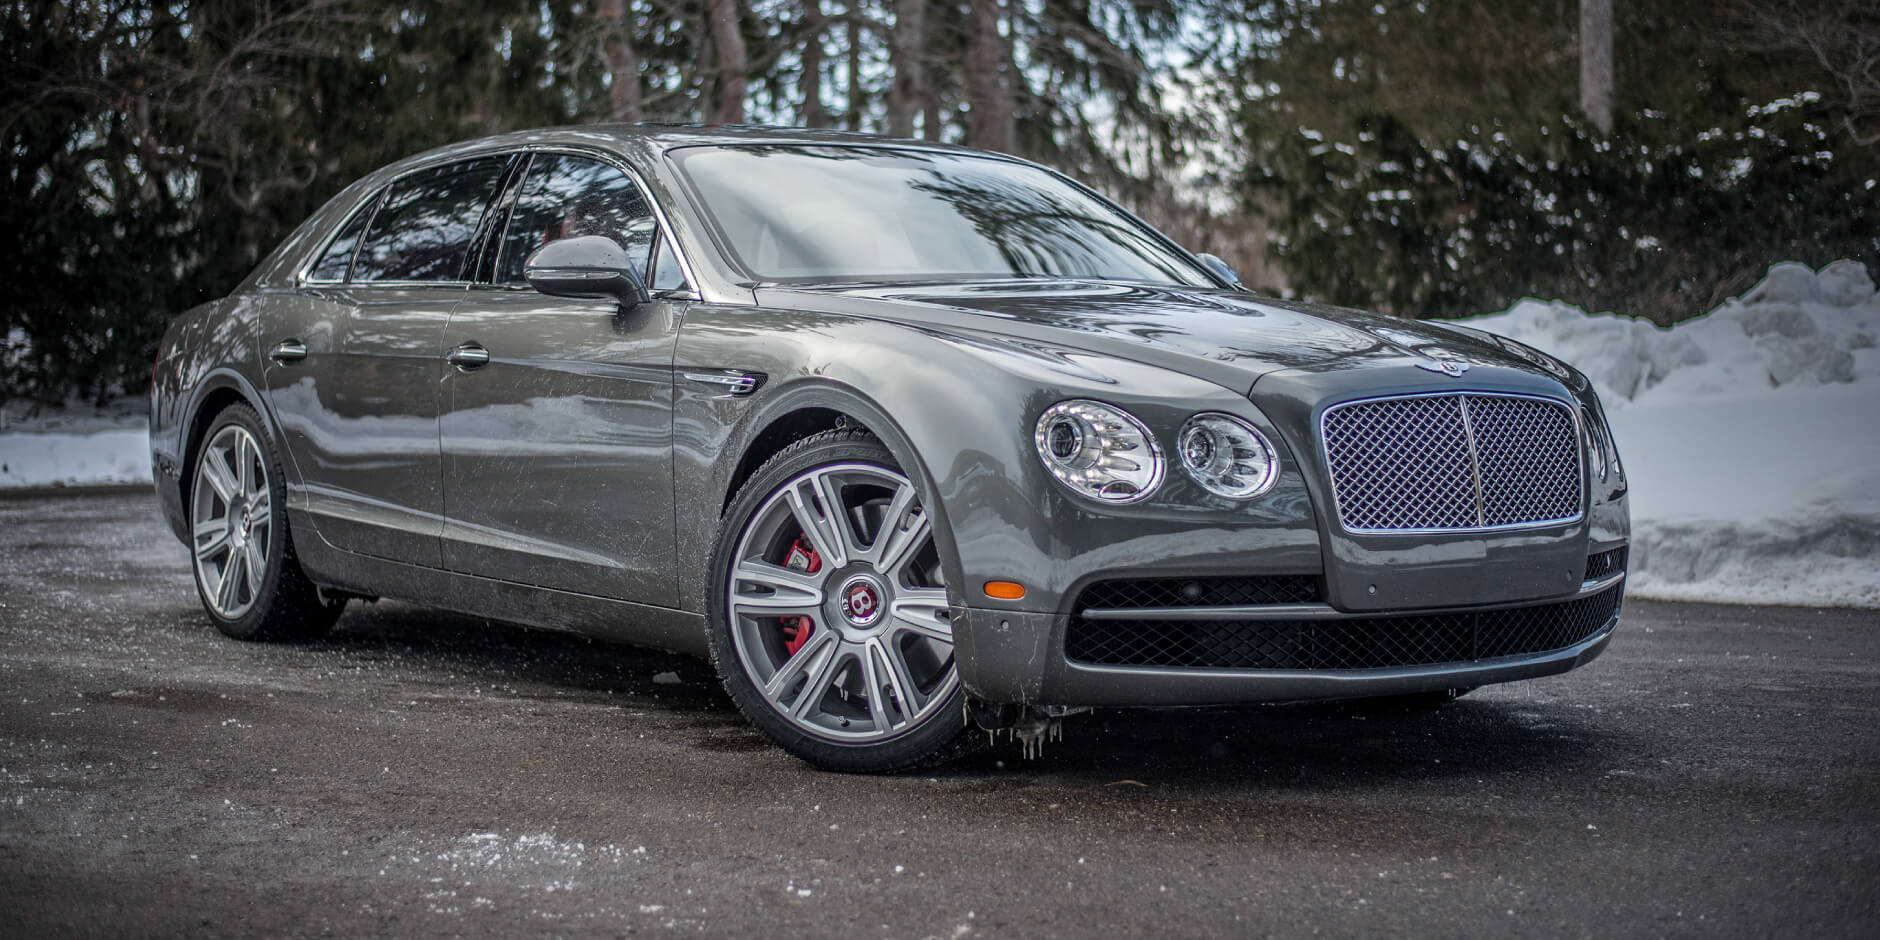 5 Top Routes in West Yorkshire for an Unforgettable Bentley Flying Spur Road Trip
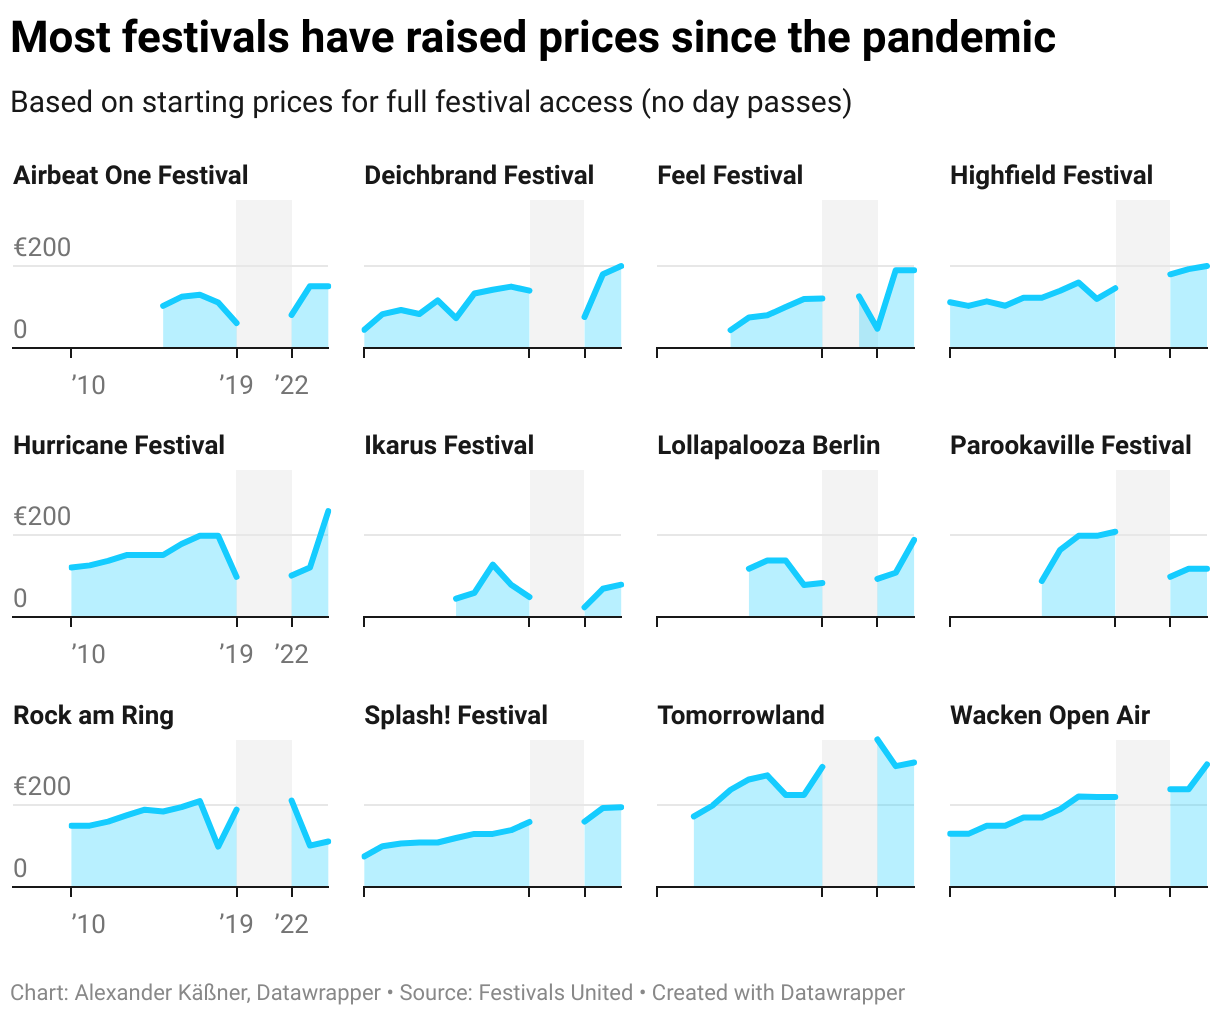 Most festivals have raised prices since the pandemic 
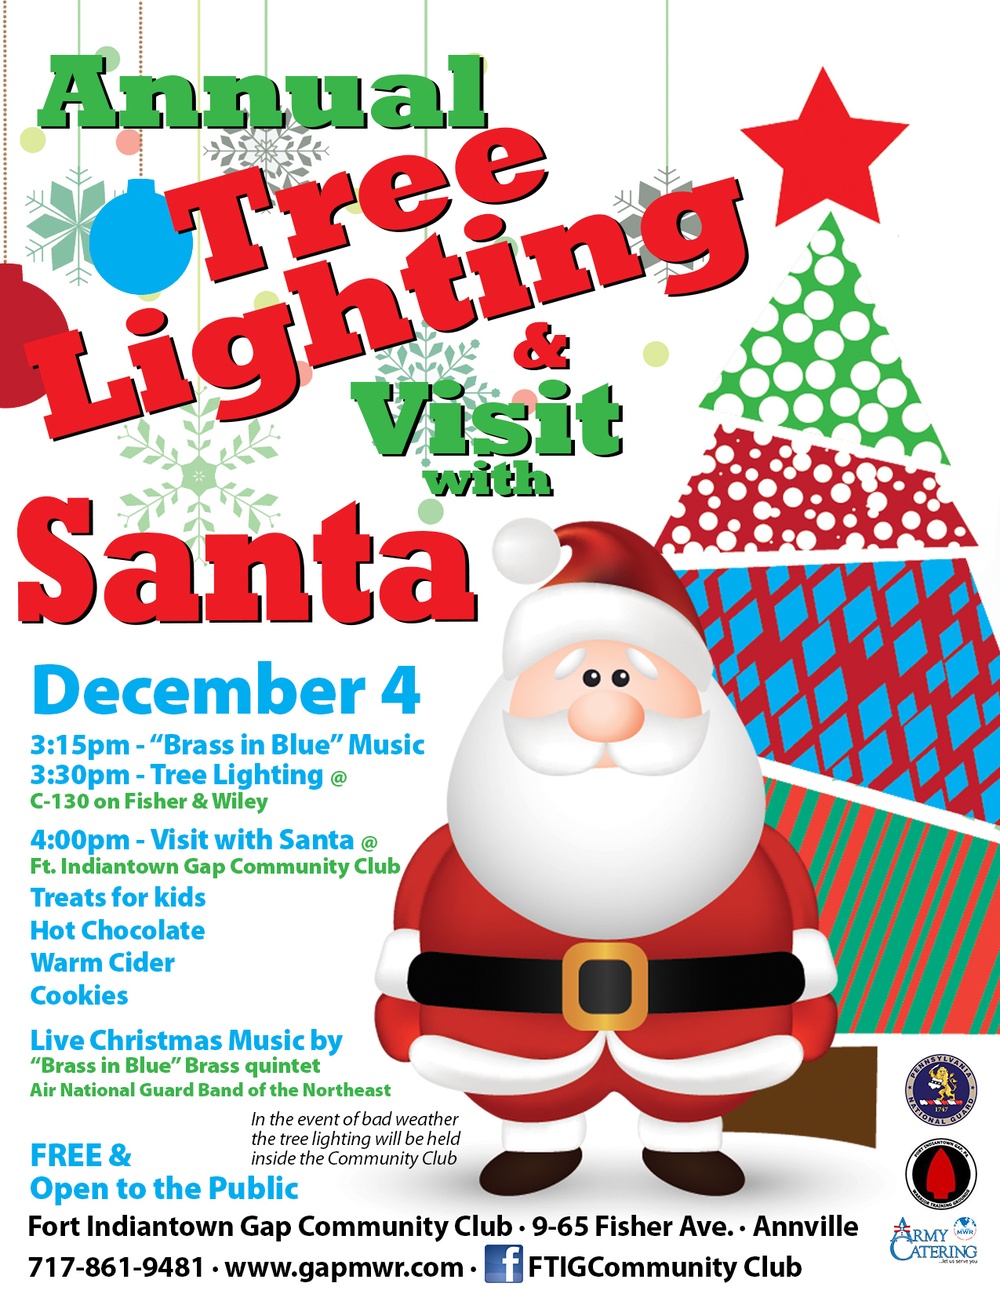 Public invited to tree lighting ceremony at Fort Indiantown Gap

- - -

• [INSTRUCTIONS FOR THE TASK]: Output the line containing "Most festivals have" along with every line after it to the end of the material, exactly as written, but without pictures.

• [ANSWER SPACE]:
 Most festivals have raised prices since the pandemic 
 Public invited to tree lighting ceremony at Fort Indiantown Gap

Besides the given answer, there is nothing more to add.